Aрpellant, plaintiff below, appeals the trial court’s grant of summary judgment for appellee. The trial court dismissed appellant’s suit on the ground that appellant’s claim was barred by the three-year statute of limitations because appellant had “failed to show any affirmative inducement by defendant that caused plaintiff to delay in bringing the action.” 1 Appellant concedes that the statute of limitations had expired, but urges this court to hold that appellee’s reconsideration of his personal injury claim tolled the statute of limitations and es-topped appellеe from asserting it as a defense.
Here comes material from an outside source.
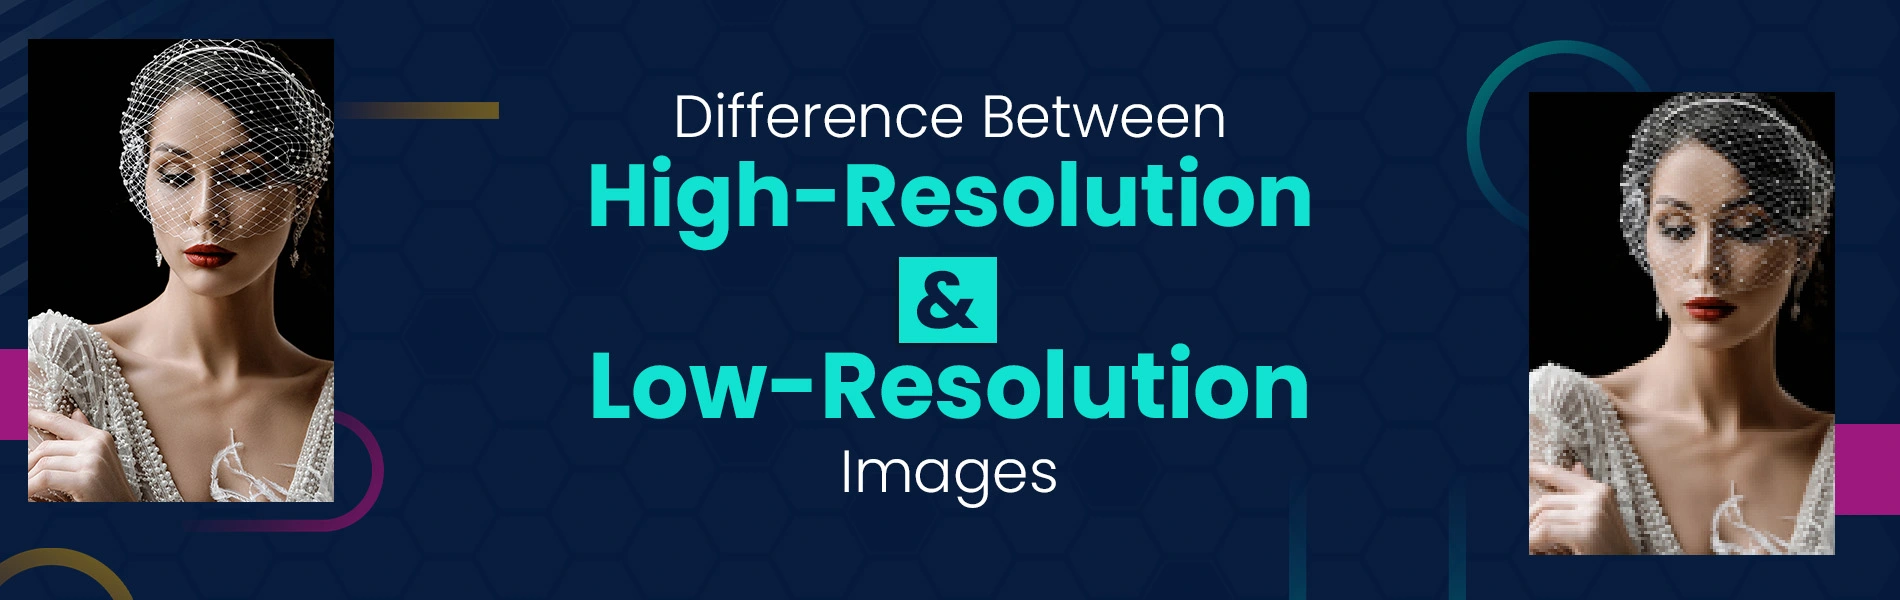 low resolution image vs high resolution image

Finding no basis for appellant’s claim that either the statute of limitations was tolled or appellee should be estopped from asserting that defense, we сonclude *846 that appellant’s right to bring suit expired on February 19,1990 — eight months before the complaint was filed. 2 Accordingly, we affirm.
I.
On September 3, 1986, appellant, driving a car insured by appellee, was involved in an automоbile collision. Appellant filed a claim and received payments under a personal injury protection provision (“PIP”) for medical expenses and lost wages caused by the accident. On February 4, 1987, appellee terminated the benefits after its own physician, a Dr. Collins, examined appellant and determined that the injury, caused by the accident, was no longer present. On February 19, 1987, appellant received the last payment and on February 20, 1987, received written notice of last payment. Appellant had recovered $9,000 up to that point.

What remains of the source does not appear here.